Legislative Instruments Act 2003

Items 18 and 20 Subsection 44(2) (table item 10) and subsection 54(2) (table item 12)

92. Table item 10 and table item 12 are amended by omitting "paragraph 153J(1)(c), 153L(1)(c), 153P(2)(c) or 153Q(1)(c),", and substituting "paragraph 153L(1)(c), 153P(2)(c), 153Q(1)(c) or section 153ZIH(2)".

93. The table in subsection 44(2) of the Legislative Instruments Act 2003 (the LI Act) sets out those legislative instruments that are exempt from the disallowance procedures set out in the LI Act. The table in subsection 54(2) of the Legislative Instruments Act 2003 (the LI Act) sets out those legislative instruments that are exempt from the sunsetting procedures set out in the LI Act. These amendments will update the reference to paragraph 153J(1)(c) (which is being repealed by item 6 of Part 3 of this Bill) in these table items with new section 153ZIH (2) (which replaces paragraph 153J(1)(c)).

Item 19 and 21 Subsection 44(2) (table item 11) and subsection 54(2) (table item 13)

94. Table item 11 and table item 13 are repealed.

95. As previously mentioned, the tables in subsection 44(2) and 54(2) of the LI Act set out those legislative instruments that are exempt from disallowance and sunsetting. Table item 11 in subsection 44(2) and table item 13 in subsection 54(2) currently refer to the revocations of determinations made under section 153K and 153LA of the Customs Act.

96. However, these determinations are not legislative instruments because they only apply to particular manufactured goods in particular circumstances. Current section 153K is being remade by this Bill in new section 153ZII and new subsection 153ZII(3) will expressly state that such a determination is not a legislative instrument.

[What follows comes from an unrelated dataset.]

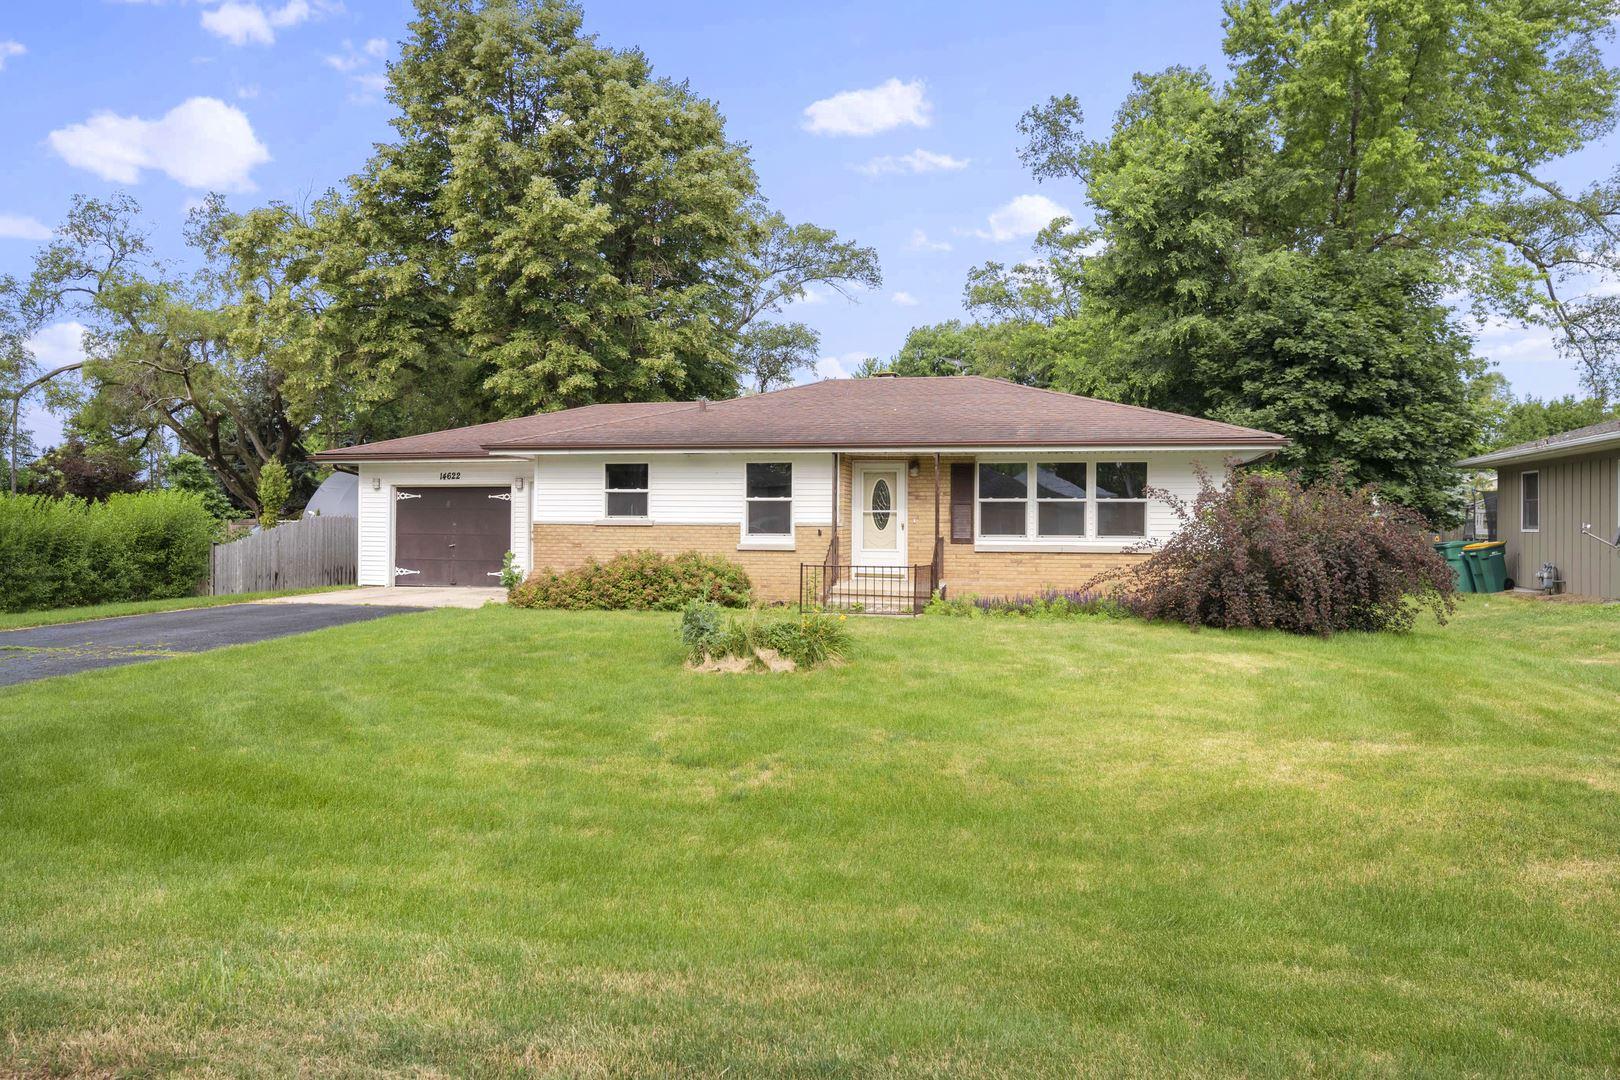 Photo of 14622 S Kearns Drive, Plainfield, IL 60544 (MLS # 11130256)

Therefore, the revocation of these determinations is also not a legislative instrument so the continuing reference to their revocation in the tables in subsection 44(2) and 54(2) of the LI Act is superfluous and is being removed.

Part 4-Application and transitional provisions

Item 22 Application

97. Item 22(1) provides that the amendments made by items 1 and 3 to 17 apply in relation to goods imported into Australia on or after 1 January 2007. If goods are imported before 1 January 2007 and are still in a warehouse on that date, the new rules set out in items 1 and 3 to 17 will not apply to them.

98. Item 22(2) provides that the amendment made by item 2 applies in relation to goods exported to New Zealand on or after 1 January 2007 (whether the goods were produced or manufactured before, on or after that day).

99. Item 22(3) provides that the repeal of Subdivision G of Division 1E of Part VIII of the Customs Act 1901 on 1 January 2012 applies in relation to:

a.
goods imported into Australia on or after 1 January 2012; and
b.
goods imported into Australia before 1 January 2012, where the time for working out the rate of import duty on the goods had not occurred before 1 January 2012.

Therefore, even if goods were imported into Australia before 1 January 2012 and were still in a warehouse on that date, the rules set out in Subdivision G will not apply to those goods when they are entered into home consumption on or after 1 January 2012.

Item 23 Transitional-manufactured raw materials

100. Item 23 provides that despite the repeal of section 153J of the Customs Act 1901 made by this Schedule, a determination in force under paragraph 153J(1)(c) of that Act immediately before the commencement of this item continues in force after that commencement as if it were a determination made under subsection 153ZIH(2) of that Act.